En disant cela, Paul nous rappelle que de tout temps et en toutes circonstances nous avons tendance non seulement à nous endormir mais de surcroît à nous complaire dans les logiques mortifères tant nos consciences humaines sont anesthésiées.
Paul nous le rappelle souvent. Aussi ses exhortations à nous réveiller et à nous relever ne manquent pas. « Frères, dit-il aux romains, c’est l’heure de vous réveiller du sommeil.. car le salut est là.» « Réveillez-vous pour vivre justement » exhortera-t’il encore aux corinthiens.
Pour autant, la question est bien de savoir comment se réveiller et se relever. N’en doutons jamais : la réponse se trouve et vit dans le creux de notre liberté et même plus précisément dans le creux de notre liberté chrétienne. C’est à dire dans notre intériorité, là où se conçoivent nos options de vie chrétienne c’est à dire dans notre conscience, dans notre capacité à penser et à agir. L’étincelle, la lumière qui éclaire et suscite notre foi en Christ jaillit de notre intériorité. Ainsi, l’issue d’une épreuve quelle quelle soit, commence par une action intérieure éclairée par la foi. L’issue d’une épreuve commence à partir des forces spirituelles présentes en soi, que la foi peut ranimer, rassembler, dynamiser en un mot « réveiller ». Et, Paul ne nous dit pas autre chose : « Frères et sœurs, vous n’êtes pas dans les ténèbres. Parce que vous êtes éclairés par le Seigneur, alors comportez vous comme des enfants de lumière… Et, cessez, renoncez à vous laisser gangréner par la gestuelle des ténèbres »

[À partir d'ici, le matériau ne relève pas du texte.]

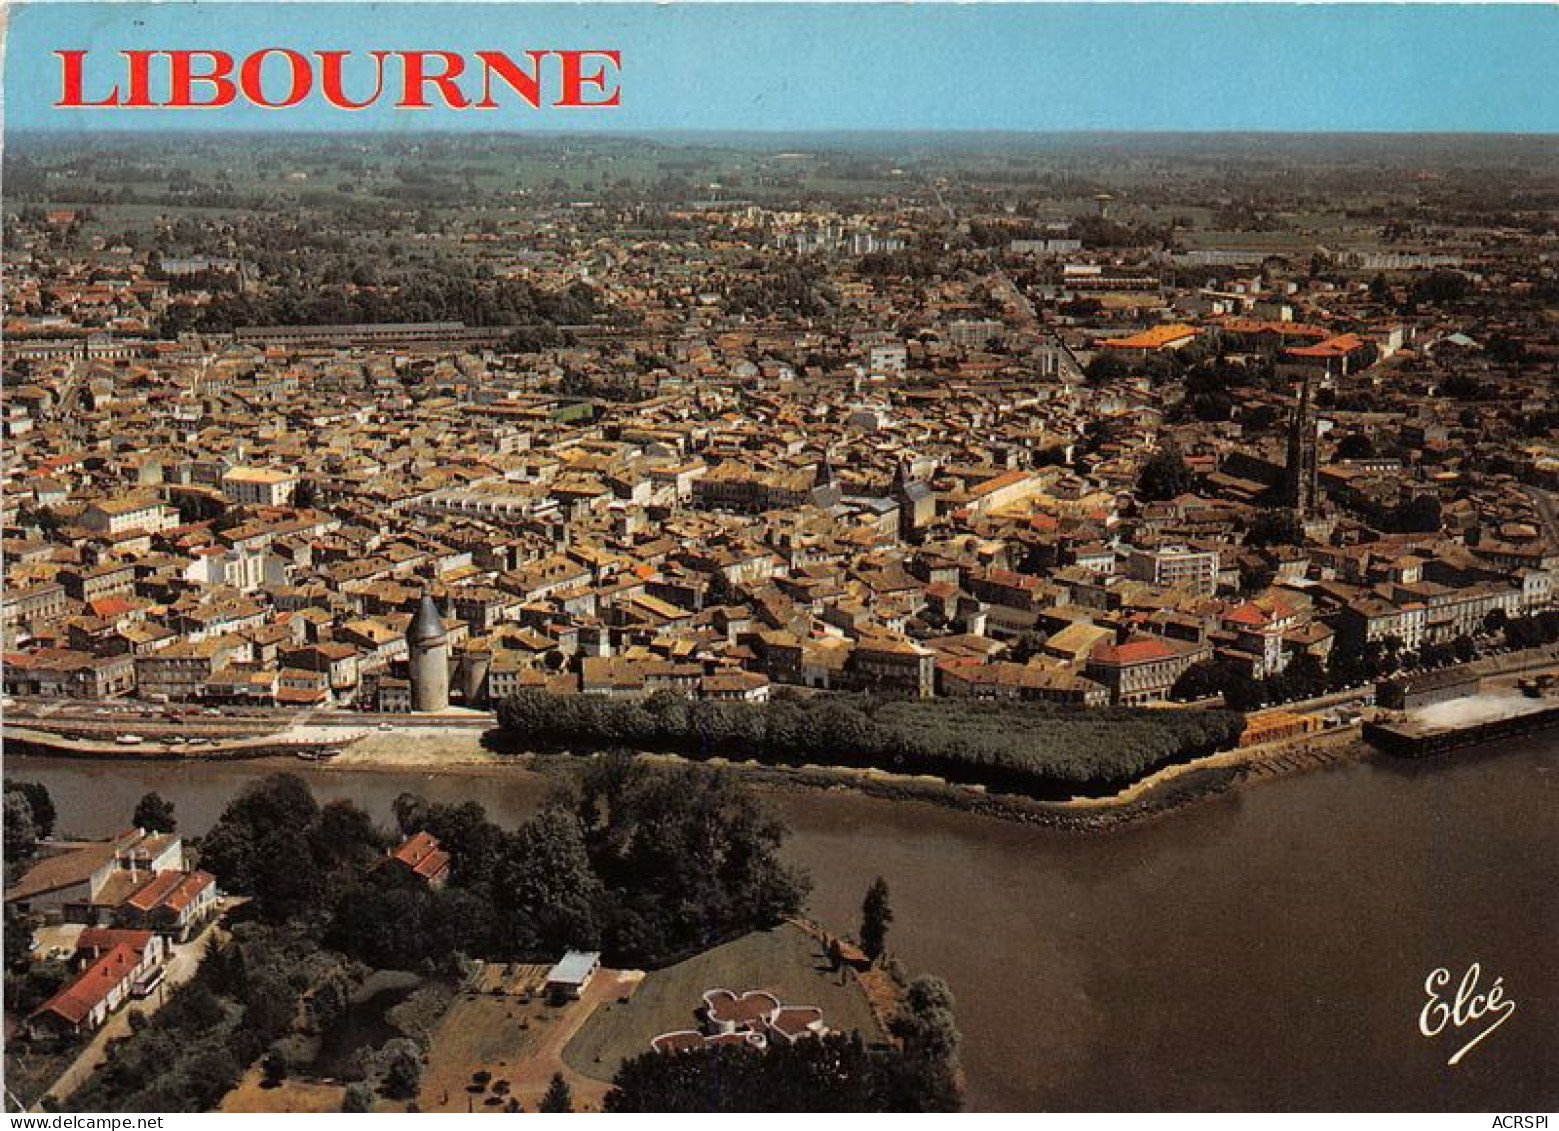 LIBOURNE Vue Generale De La Ville Avec La Vieille Tour 20(scan Recto-verso) MA1182 - Libourne
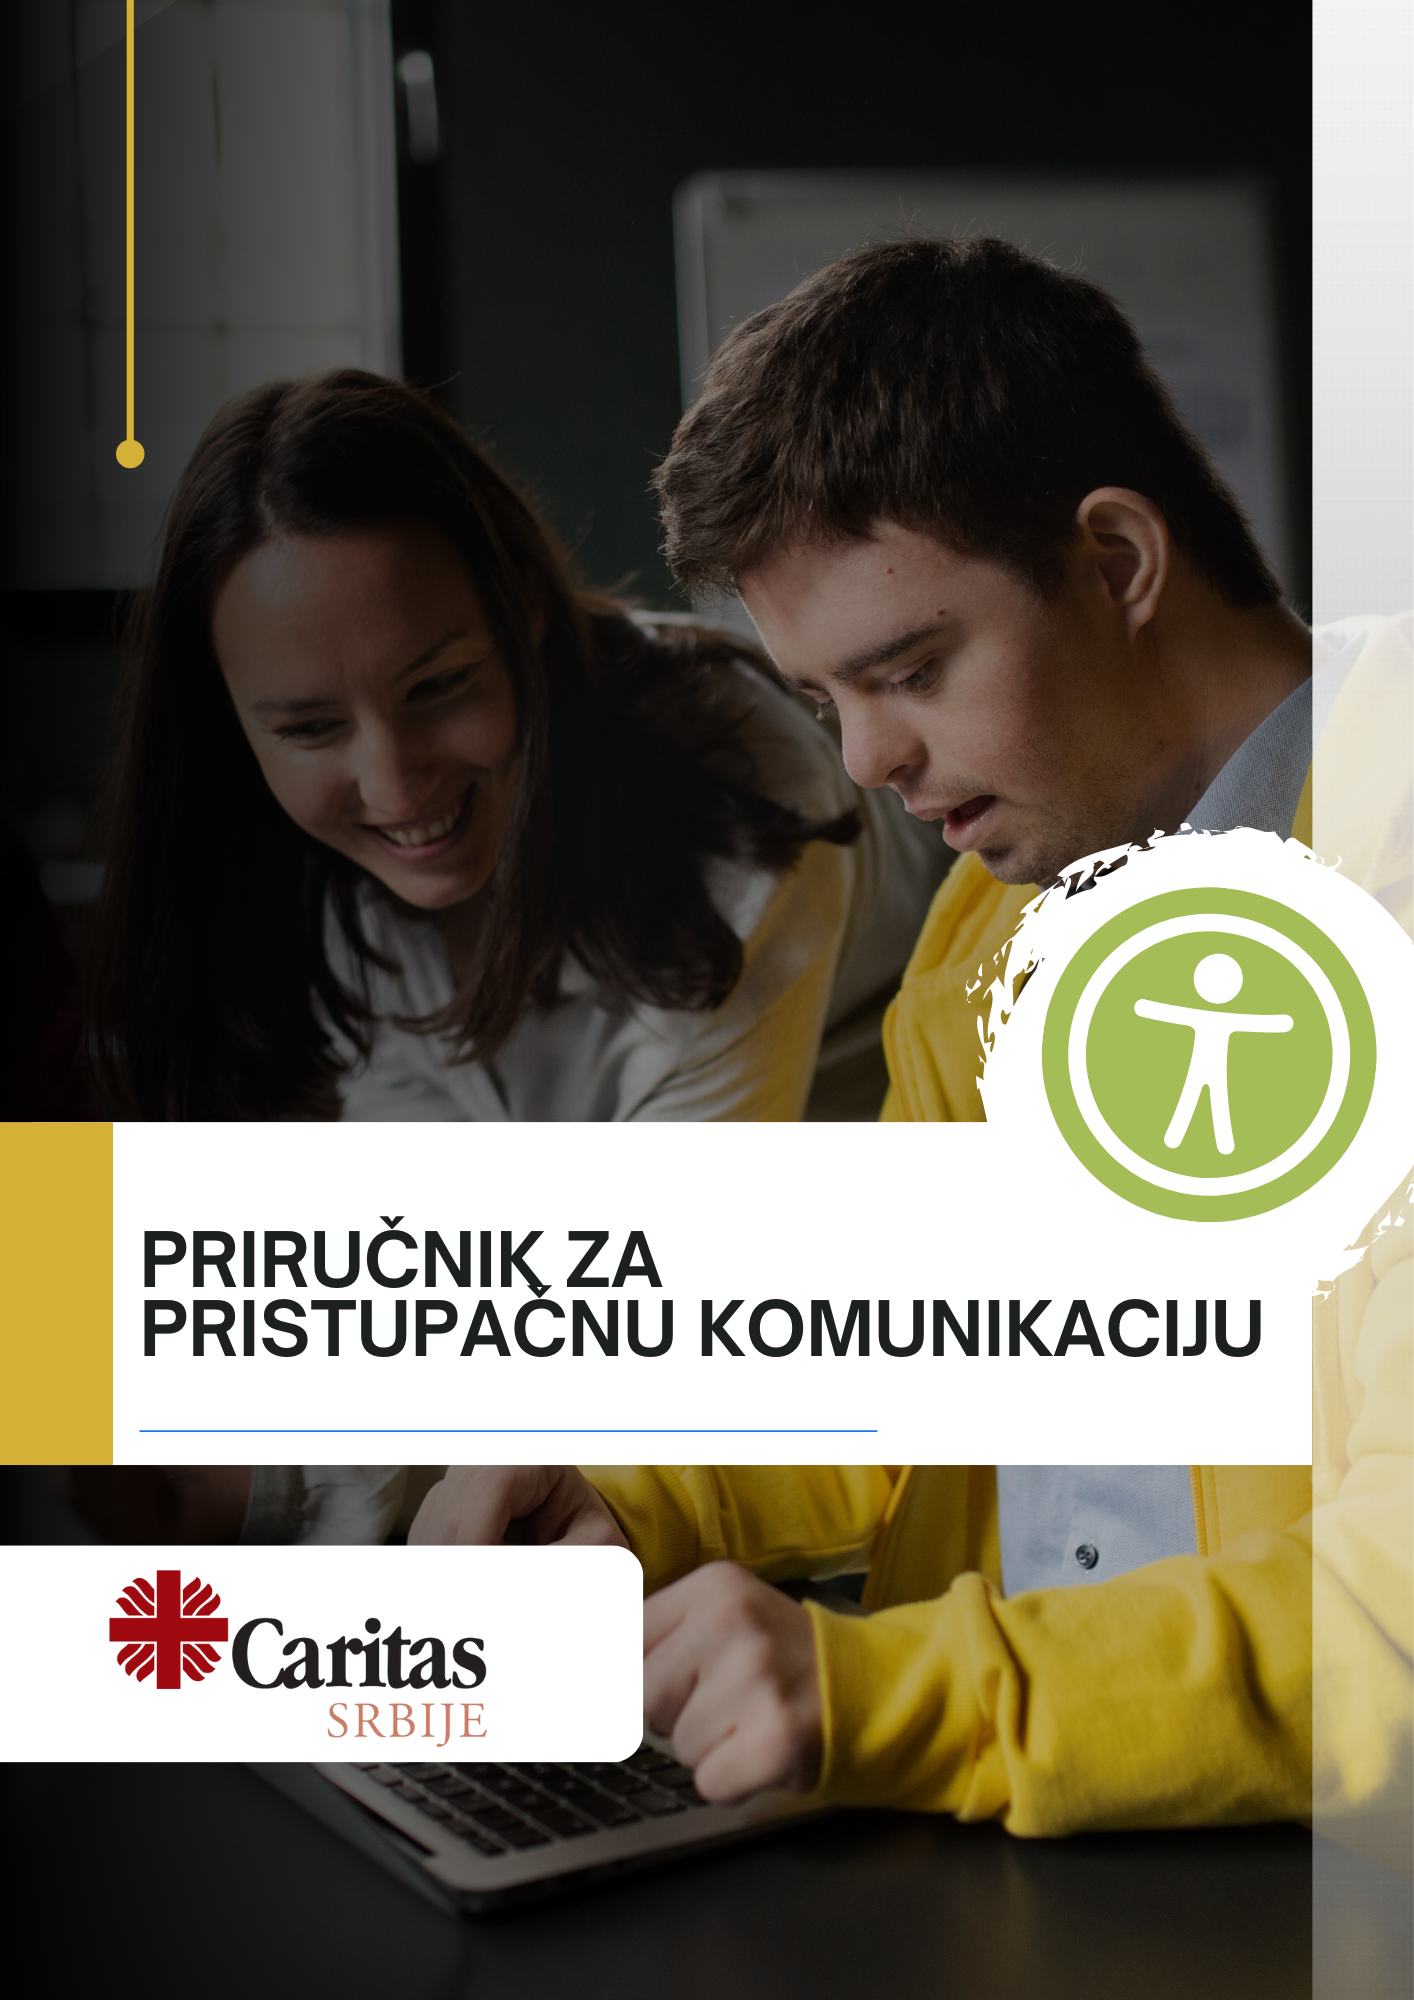 Naslovna stranica priručnika za Pristupačnu komunikaciju. Mladić i devojka se dodiruju, logo Caritas Srbije

A sa façon, Pierre nous l’explique dans une de ces lettres : « Je réveille, nous dit-il, votre pure intelligence en rappelant ces choses à votre mémoire, afin que vous vous souveniez des paroles qui vous ont été dites… ». Effectivement la ressource du réveil, la force du relèvement c’est, et cela reste, « les paroles qui nous ont été dites ». C’est, et cela reste, la Parole, la Parole vive rappelée sans cesse et tout le temps. C’est bien ce qui est nécessaire aujourd’hui. Nous avons souvent l’impression d’être particulièrement réveillés pour cultiver et étaler notre intelligence naturelle ou académique mais nous le sommes généralement beaucoup moins pour ce qui est de notre intelligence spirituelle surtout quand les temps sont difficiles comme ceux que nous vivons, ces temps difficiles où nous sommes désormais «confinés »… Et même doublement « confinés » en étant trop souvent devant un écran qui remplit l’espace vacant à grand débit.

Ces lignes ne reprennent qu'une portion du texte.